• **Assignment**: Examine the material below. Gather every line in which the string "Apple" appears.

• **Entries supplied**:
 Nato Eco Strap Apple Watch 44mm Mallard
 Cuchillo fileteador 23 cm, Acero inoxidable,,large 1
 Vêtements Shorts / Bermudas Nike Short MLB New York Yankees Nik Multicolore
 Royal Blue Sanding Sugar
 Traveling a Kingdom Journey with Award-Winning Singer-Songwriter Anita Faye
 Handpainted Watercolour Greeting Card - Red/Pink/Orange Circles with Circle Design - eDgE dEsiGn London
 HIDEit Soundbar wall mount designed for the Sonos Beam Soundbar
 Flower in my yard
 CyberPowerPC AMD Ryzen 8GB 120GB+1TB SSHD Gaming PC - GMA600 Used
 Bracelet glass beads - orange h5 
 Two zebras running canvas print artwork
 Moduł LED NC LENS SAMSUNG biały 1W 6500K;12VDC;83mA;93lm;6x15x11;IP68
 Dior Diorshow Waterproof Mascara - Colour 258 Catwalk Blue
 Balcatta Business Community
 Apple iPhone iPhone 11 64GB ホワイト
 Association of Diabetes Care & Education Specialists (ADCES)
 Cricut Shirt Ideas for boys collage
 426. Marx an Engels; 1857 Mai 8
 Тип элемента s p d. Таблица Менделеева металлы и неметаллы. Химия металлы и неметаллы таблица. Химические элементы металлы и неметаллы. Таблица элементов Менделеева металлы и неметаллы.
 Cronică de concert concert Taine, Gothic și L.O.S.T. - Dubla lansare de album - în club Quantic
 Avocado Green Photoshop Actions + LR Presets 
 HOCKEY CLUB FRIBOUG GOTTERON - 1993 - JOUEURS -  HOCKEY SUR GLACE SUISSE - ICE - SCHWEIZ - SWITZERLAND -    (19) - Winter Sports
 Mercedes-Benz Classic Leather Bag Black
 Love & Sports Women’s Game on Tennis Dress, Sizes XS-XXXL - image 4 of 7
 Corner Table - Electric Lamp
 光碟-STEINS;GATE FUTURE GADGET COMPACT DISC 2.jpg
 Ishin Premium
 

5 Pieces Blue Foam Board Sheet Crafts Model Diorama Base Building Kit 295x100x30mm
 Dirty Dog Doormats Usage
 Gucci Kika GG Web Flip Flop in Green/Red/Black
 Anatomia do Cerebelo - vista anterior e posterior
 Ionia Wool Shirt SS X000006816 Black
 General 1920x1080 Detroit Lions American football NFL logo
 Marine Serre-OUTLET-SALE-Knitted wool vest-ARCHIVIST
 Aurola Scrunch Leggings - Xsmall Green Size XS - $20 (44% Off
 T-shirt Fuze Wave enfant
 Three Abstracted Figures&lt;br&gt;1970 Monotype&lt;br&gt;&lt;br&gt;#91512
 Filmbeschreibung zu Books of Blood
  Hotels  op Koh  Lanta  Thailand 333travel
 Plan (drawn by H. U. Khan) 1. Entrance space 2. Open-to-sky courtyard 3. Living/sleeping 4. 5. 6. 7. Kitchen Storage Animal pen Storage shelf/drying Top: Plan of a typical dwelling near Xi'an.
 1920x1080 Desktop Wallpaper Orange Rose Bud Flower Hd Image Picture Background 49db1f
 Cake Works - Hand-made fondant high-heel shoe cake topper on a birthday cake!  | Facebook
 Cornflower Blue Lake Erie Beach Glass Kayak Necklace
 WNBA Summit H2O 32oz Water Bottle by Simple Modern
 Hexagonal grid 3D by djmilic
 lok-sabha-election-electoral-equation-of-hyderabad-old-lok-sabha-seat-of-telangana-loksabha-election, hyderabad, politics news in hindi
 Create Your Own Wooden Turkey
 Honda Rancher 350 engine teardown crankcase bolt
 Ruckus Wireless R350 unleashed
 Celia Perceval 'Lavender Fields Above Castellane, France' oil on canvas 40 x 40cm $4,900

• **Expected answer**:
 Nato Eco Strap Apple Watch 44mm Mallard
 Apple iPhone iPhone 11 64GB ホワイト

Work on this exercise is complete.